Eine Gemeinschaft schaffen, so wie Jesus es getan hat, dazu hielt der Präses in seiner Predigt an, und erinnerte daran, dass Jesus mit Judas das Abendmahl geteilt habe, obwohl er wusste, dass dieser ihn verraten würde, oder dass er bei Zachäus eingekehrt ist, obwohl der Zöllner und damit Sünder war. Ebenso sollten die Gläubigen auf Menschen eingehen, die in der heutigen Gemeinschaft schlecht angesehen sind, weil sie beispielsweise ein „nicht ganz lupenreines“ polizeiliches Führungszeugnis haben.

Grußwort der Bürgermeisterin

Zudem betonte der Chef der Landeskirche, wie wichtig die konfessionsübergreifende Zusammenarbeit ist: „Unsere Welt braucht das ökumenische Zeugnis!“ Erst vor kurzem habe sich das in Wuppertal gezeigt, wo ein ökumenisches Kinderhospiz eröffnet wurde, da weder die katholische, noch die evangelische Kirche es allein geschafft hätten.

Neben der Rede des Präses war das gemeinsame Abendmahl ein weiterer Höhepunkt. Anstatt Brot und Wein, wie sonst üblich, am Altar auszuteilen, wurden dieses Mal gleich mehrere Brotkörbe und Weinkelche durch die Reihen gegeben. Das war zum einen zeitsparend, zum anderen schuf es ein gemeinschaftliches Gefühl.

Im Anschluss an den eigentlichen Gottesdienst folgten Gratulationen zum 475. Gemeinde-Geburtstag. Bürgermeisterin Ulrike Westkamp berichtete in ihrem Grußwort von der Entwicklung der Reformation in Wesel und stellte dar, wie eng Kirche und Religion damals mit der Politik verwoben waren.

Reformatorische Impulse

Kreisdechant Stefan Sühling hingegen beleuchtete den Geburtstag aus heutiger Sicht. Er überbrachte die Grüße der katholischen Schwestergemeinde St. Nikolaus und sagte, dass sie „dankbar für reformatorische Impulse“ sei. So sei etwa „das Lesen der Schrift“ heutzutage auch bei den Katholiken etabliert. Auch der Superintendent des Kirchenkreises Wesel, Thomas Brödenfeld, betonte, wie gut das evangelische und katholische Miteinander in Wesel funktioniere. So gebe es beispielsweise seit einigen Jahren an den Weseler Schulen keine konfessionell getrennten Gottesdienste mehr.

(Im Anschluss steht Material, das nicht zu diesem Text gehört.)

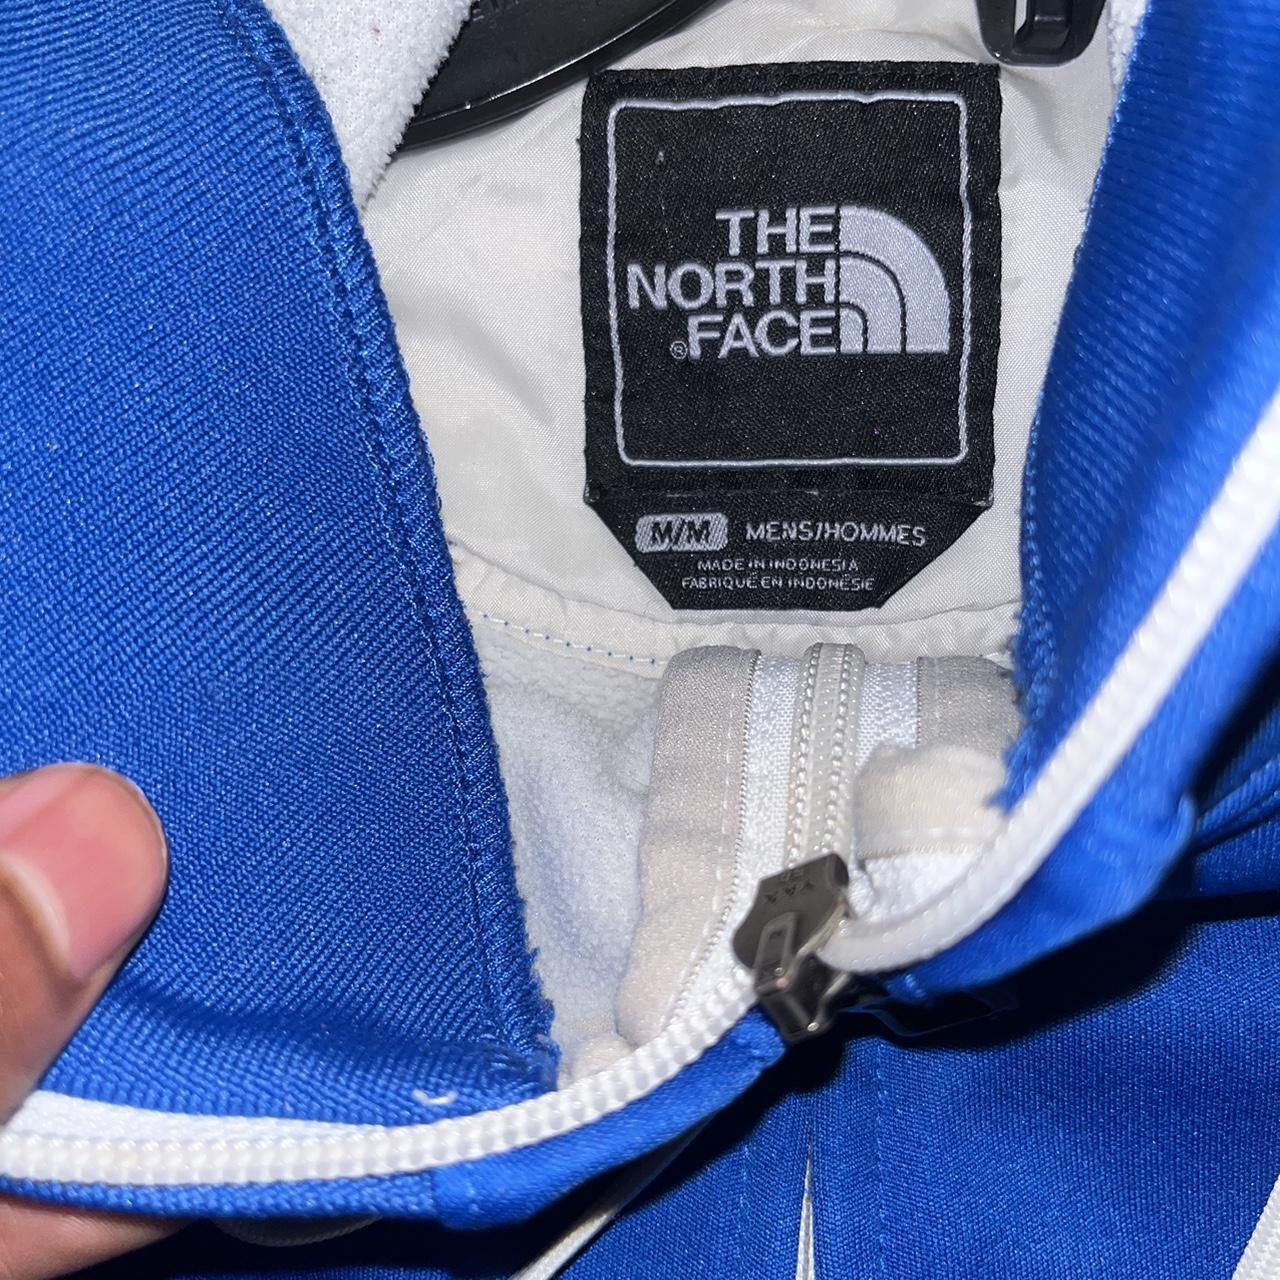 The North Face Full-Zip Hoodie nice Royal Blue!🔥... - Depop

Die „Pflege der Ökumene vor Ort“ ist auch erklärtes Ziel in der neuen Gemeindekonzeption, die bei diesem Anlass veröffentlicht wurde. „Die Gemeindekonzeption ist so etwas wie unsere Verfassung, der Rahmen in dem wir uns gestalten“, erklärte Albrecht Holthuis, Vorsitzender des Presbyteriums. Auf den rund 25 Seiten werden Leitgedanke, Identität, Ziele, Handeln und Ressourcen der Gemeinde vorgestellt. „Die Bezirke sollen zu einer Gemeinde zusammenwachsen“, fasste Albrecht Holthuis zusammen.

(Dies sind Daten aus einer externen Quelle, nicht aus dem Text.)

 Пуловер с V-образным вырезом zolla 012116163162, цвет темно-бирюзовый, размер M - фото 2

Mehr Ehrenamtler erwünscht

„Außerdem wollen wir mehr 30- bis 50-Jährige ansprechen, vielleicht durch modernere Gottesdienstformen. Das ist die Gruppe, die am schwächsten vertreten ist“. Zudem soll sich das ehrenamtliche Engagement der Gemeindemitglieder erhöhen, die Zahl der bisher rund 500 Ehrenamtler wachsen. „Die Kirche lebt von all denen, die daran mitarbeiten wollen“, so Holthuis.